Im trying to parse a single of a csv file. Curently it is done with some online regex webpage but in the end it has to be implemented in c#. (as reaction of some question in the comments)
I read a lot of other articels here on SO to figure it out by myself, but im stuck in solving it.
My test line for my RegExp looks like this (UPDATE: quotes escaped inside of quoted-strings):
;;"test123;weiterer Text";;"Test mit " Zeichen im Spaltenwert";nächste Spalte mit " Begrenzungszeichen;"4711";irgendwas 123,4;1222;"foo"test"
;;"test123;weiterer Text";;"Test mit "" Zeichen im Spaltenwert";nächste Spalte mit "" Begrenzungszeichen;"4711";irgendwas 123,4;1222;"foo""test"
Problem:
What i have done so far with several googling and my limited understanding of regular expressions is this expression
(?<=^|;)(\".\"|[^;]*)|[^;]+
This gives following result
[0] =>
[1] =>
[2] => "test123
[3] => weiterer Text"
[4] =>
[5] => "Test mit " Zeichen im Spaltenwert"
[6] => nächste Spalte mit " Begrenzungszeichen
[7] => "4711"
[8] => irgendwas 123,4
[9] => 1222
[10] => "foo"test"
Tested with https://www.myregextester.com/
The problem i have now is at the elements 2 and 3. This text
"test123;weiterer Text"
has to be one column but gets splited at the semicolon inside of the quoted string, although i thought i told the expression to match everysthing inside of quotation marks.

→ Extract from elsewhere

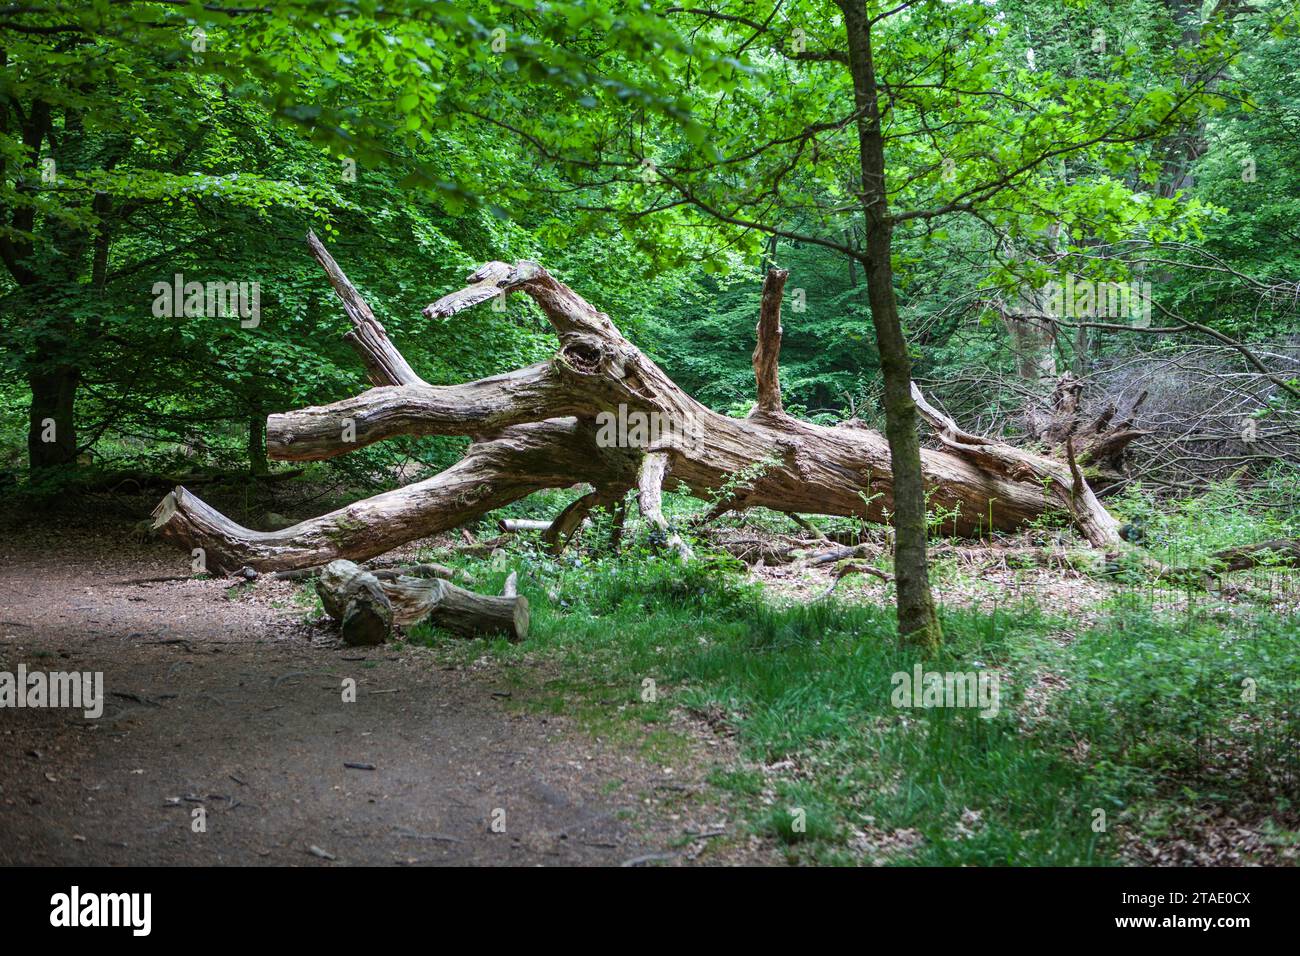 Alte verfaulte Eiche, sieht aus wie ein Reptil, Urwald Urwald Sababurg, Hofgeismar, Weserbergland, Hessen, Deutschland Stockfoto
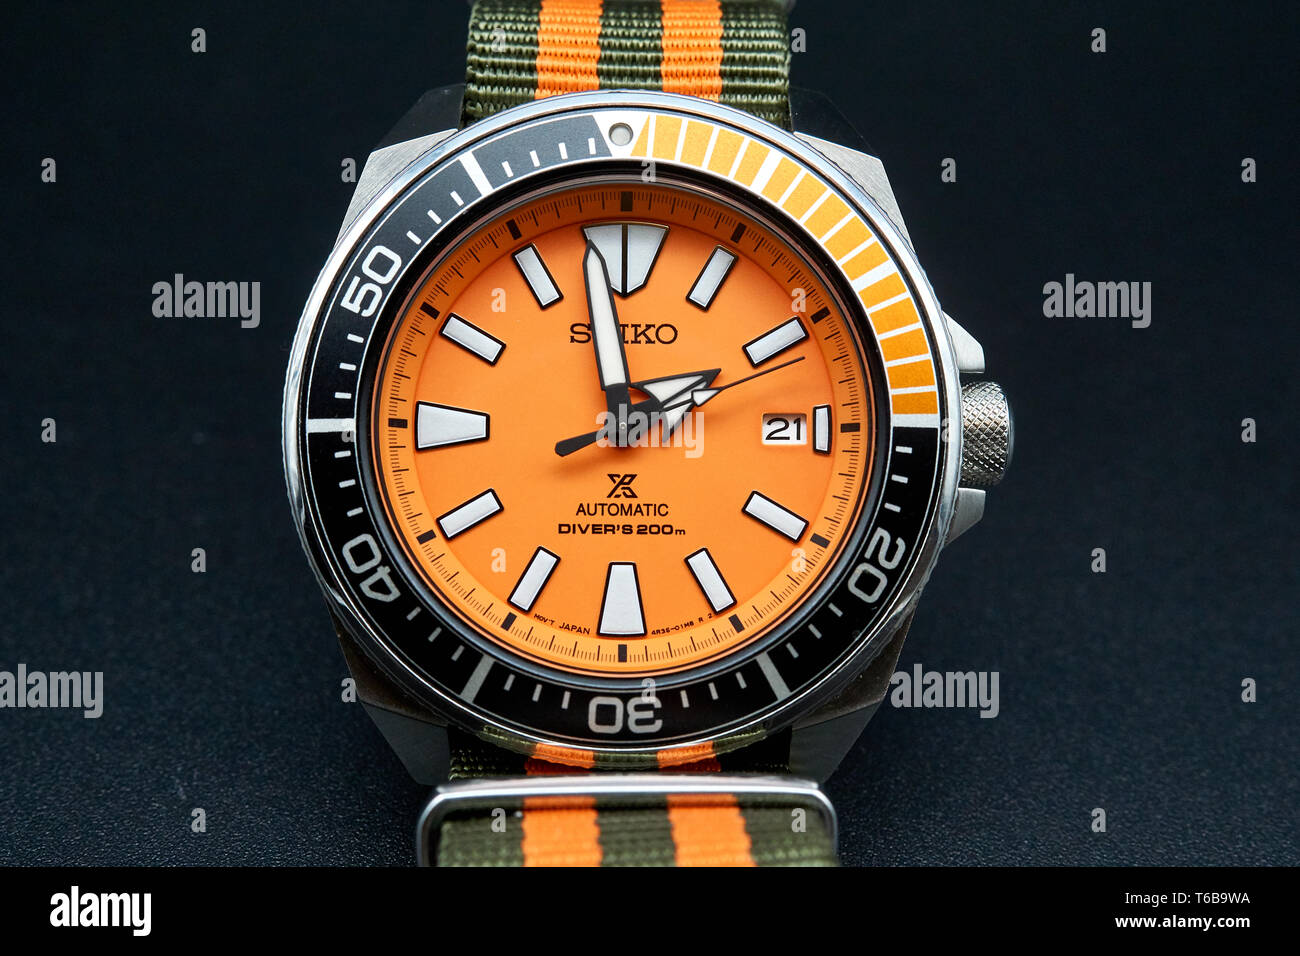 seiko samurai diver watch with orange dial Stock Photo - Alamy

Any help here is highly appreciated. Thanks in advance.
Assuming a proper csv that uses doubled quotes for escaping (""
), that is read line by line you can use
"(?:[^"]+|"")*"|[^;]+|(?<=;|^)(?=;|$)
Basically three different ways to match a column:
"(?:[^"]+|"")*"
starting and closing quote with non-quotes or double quotes between[^;]+
a series of non-semikolons(?<=;|^)(?=;|$)
an empty field between semikolons or between semikolon and start/endNote:
\n
in the negated character classesSee https://regex101.com/r/twKZVN/1
(While regex 101 tests a PCRE pattern, all features used are also available in a .net pattern.